Все смялись, а Е–ний А–ич, улыбаясь, обратился ко мне:

— Если на вас, С–н И–ич, в первый раз волк выйдет, то сейчас же на березу: это хорошая примета. С тех пор не было ни одной облавы, чтобы я хоть одной лисицы, не говоря уже о зайцах, не убил.

— Еще счастливее будете, — говорил мне С–ов. подтрунивая над Л–ным, — коли с березы-то калачика бросите. Кушайте, мол, на здоровье, ваше степенство, и напредки к нам пожалуйте: мы, мол, вашу милость вот эдак же на березке поджидать будем!

— Полно, болтушка, болтать-то! — как бы укоризненно, но добродушно, проговорил Л–нин. Много ли сам-то ты волков убил?

— Много ли?.. Да ведь я на березу-то, мой ангел, не лазил, — протянул Е–ов и погладил Л–на по лысине, за что получил от последнего порядочный тычок в довольно объемистое брюхо.

Дверь с шумом растворилась и на пороге появилась какая-то невзрачная, сутуловатая, в коротенькой поддевке фигурка.

— Мир честной компании! — крикнула фигурка и как-то неуклюже дрыгнула коротенькой ножкой.

— А, Дибич! — Откуда нелегкая принесла? — спросил С–ов.

— Об этом речь впереди…. А теперь соблаговолите наперсточек всероссийской «спотыкаловки»! Продрог, как пес… — фигурка потирала руки и так комично подергивала носом, нижнюю губою и всем корпусом, что ее миниатюрная, ходуном ходившая персона чрезвычайно сильно напоминала собою картонного дергуна.

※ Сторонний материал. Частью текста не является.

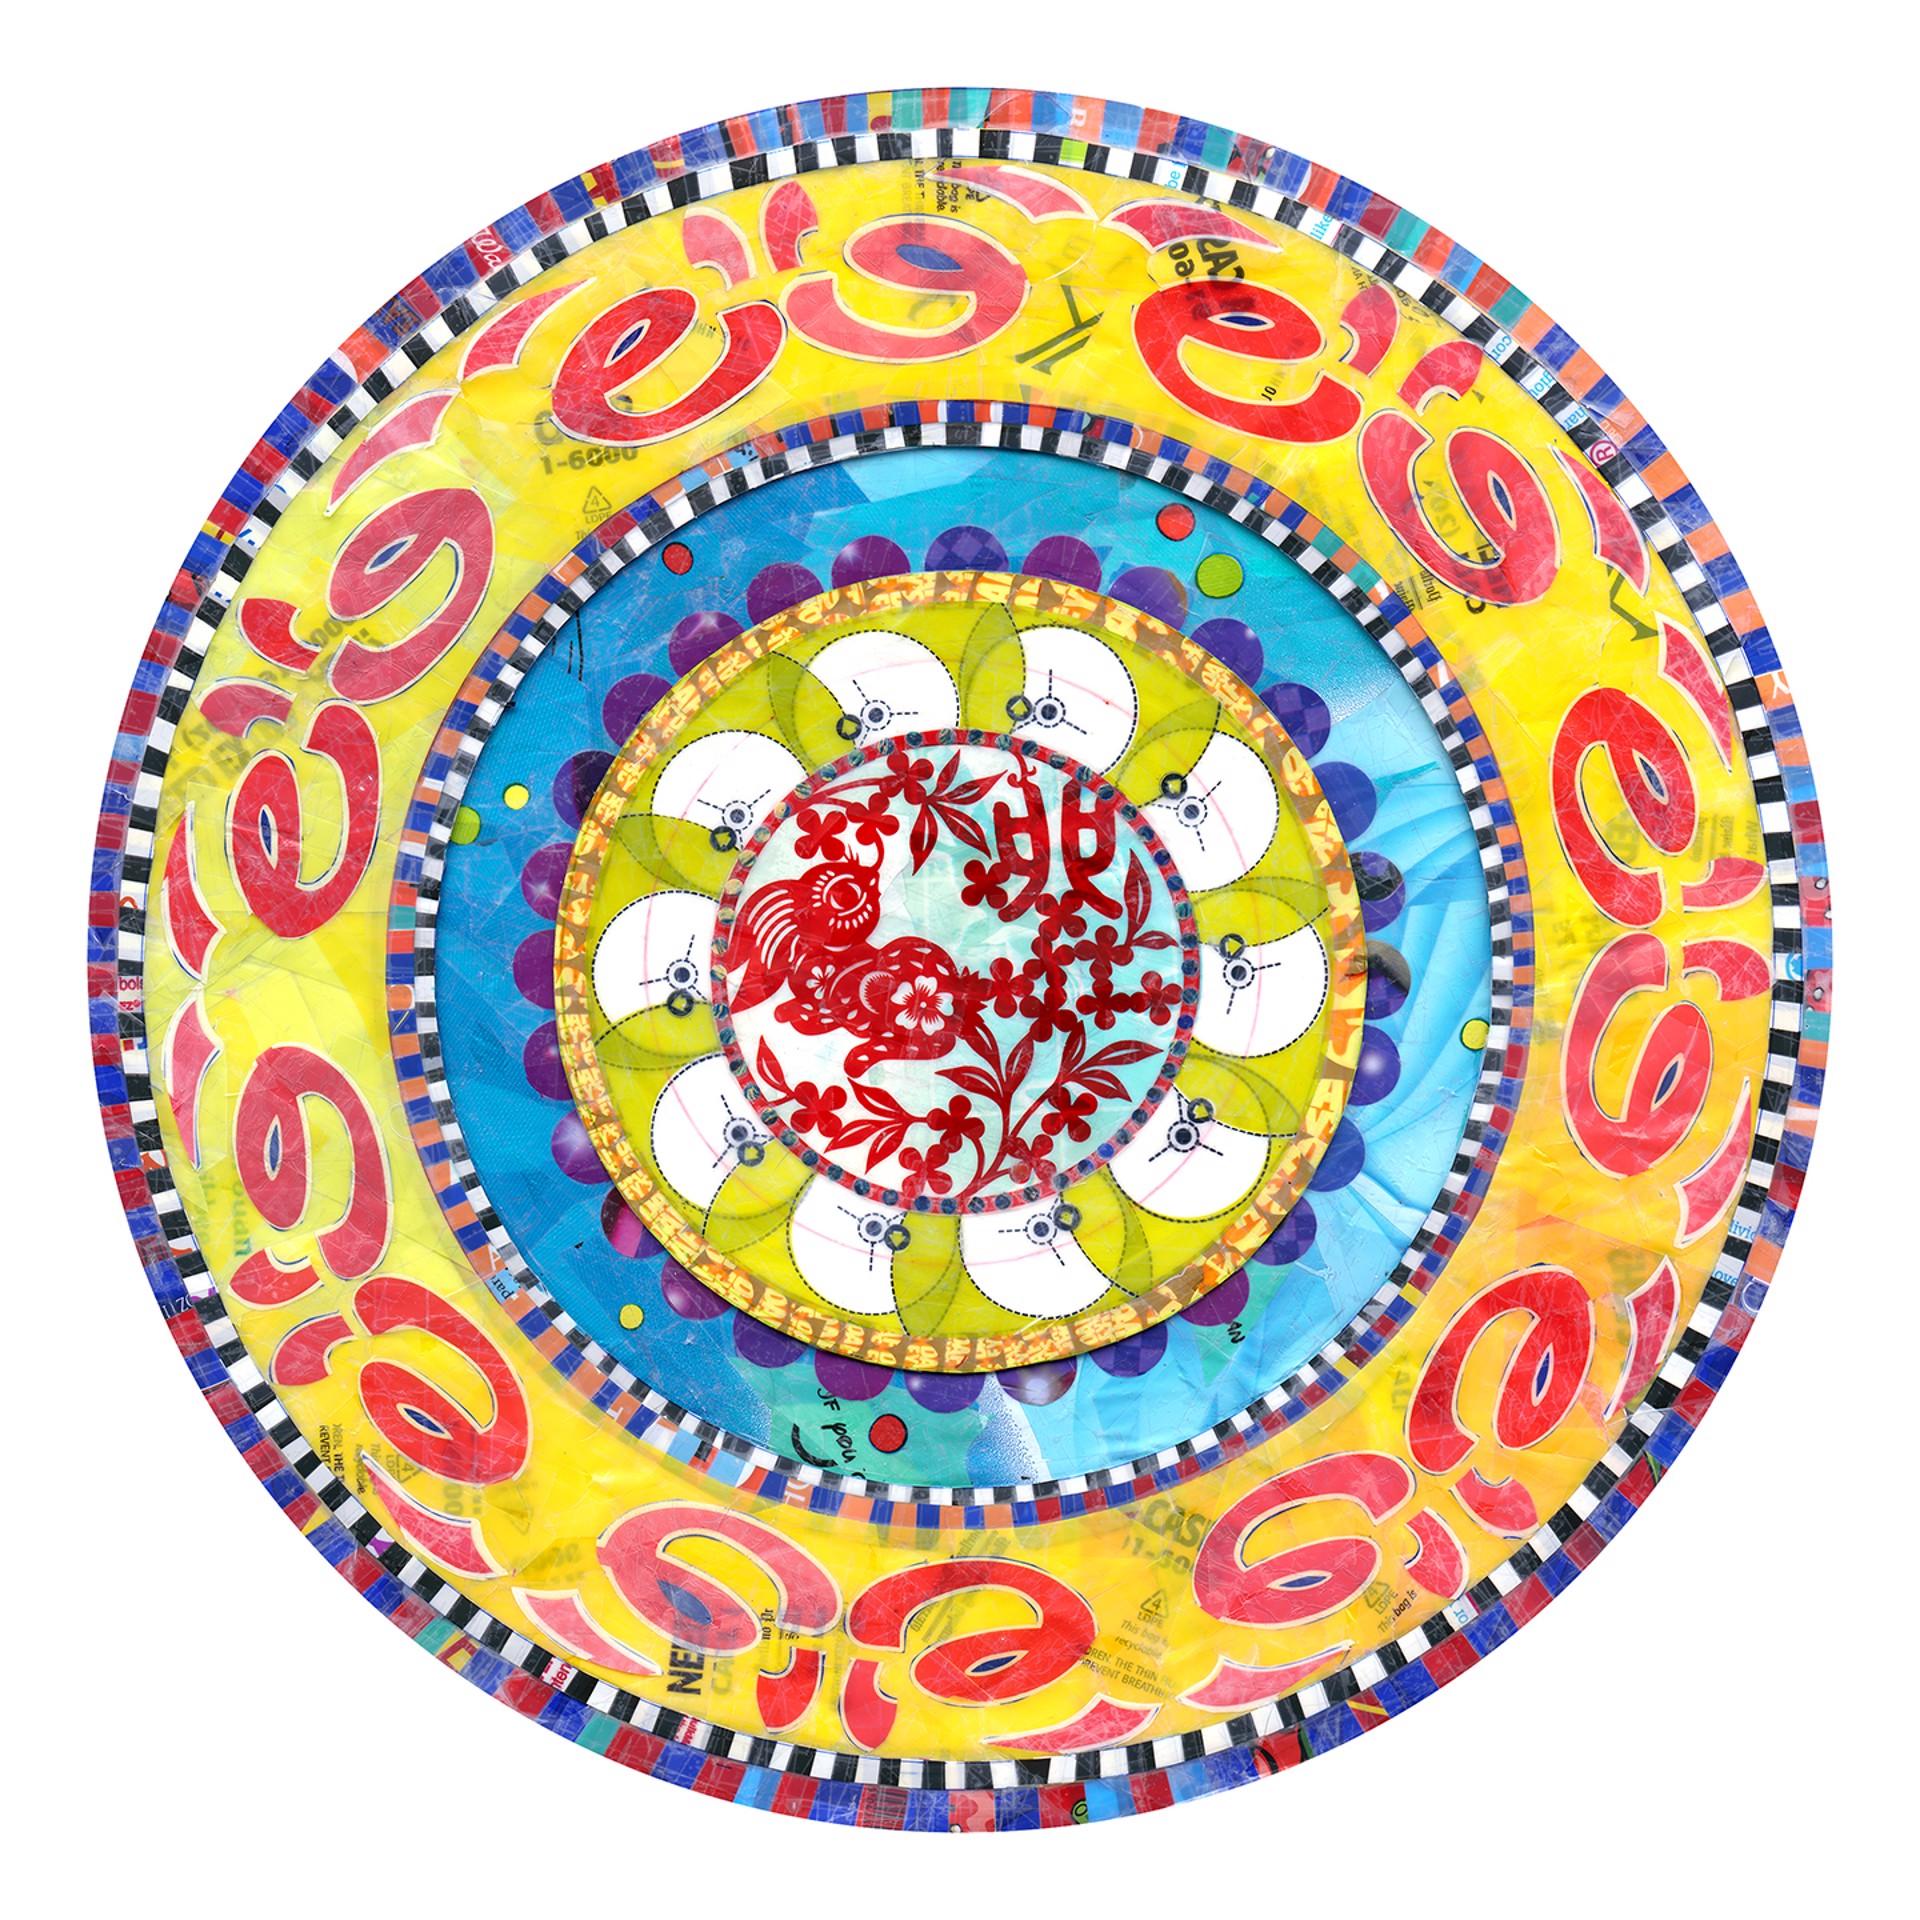 Power Flower Mandala by Virginia Fleck

Пропустив с маху два наперсточка «спотыкаловки» и закусив жареной уткой, Дибич (прозвище) увидал меня и вежливо отрекомендовался:

— Н–ай А–ич Б–ов.

После сего он сообщил, что во въезжем доме есть еще семь человек охотников, которые давно уже поджидают нас и теперь приглашают переселиться к ним в соседи. Мы отказались, отговариваясь тем, что здесь и тепло, и чисто, да и собираться вновь было бы очень неприятно.

— Ну как, Дибич, поживаешь? Как охота? — спрашивал С–ов.

— Живу по-старому, колочу вальдшнепов и теперь еще помаленьку. За осень 73 штуки взял, да и где брал-то — в болотах, как дупелей. В лесу сушь, земля как камень, долгоносый там весь нос себе переломал и высыпал он отощалый на болота; держится крепко, шагах в 5–10 вылетает из-под собаки.

Потеха, братцы мои, как ваш следователь приезжал сюда на вальдшнепов. Собрался я на охоту и только что взошел на болото, смотрю — далеко впереди что-то возится, — не то человек, не то собака, а возле болота на телеге баба сидит. Иду дальше, смотрю человек и с бляхой на груди. Думаю: «Что бы это значило?» Подошел к нему и спрашиваю: «Кто ты?» — «Сотский Плетневский», — отвечает. «Что же ты тут делаешь?» — «Вальдшнепа ищу, следователь послал; поди, говорит, на болото, да попужай: коли, говорит, есть что, так скажи мне, я и поеду». «Что же, наше?». «Как есть ни одного!». «Ну так пойдем, я тебе покажу!».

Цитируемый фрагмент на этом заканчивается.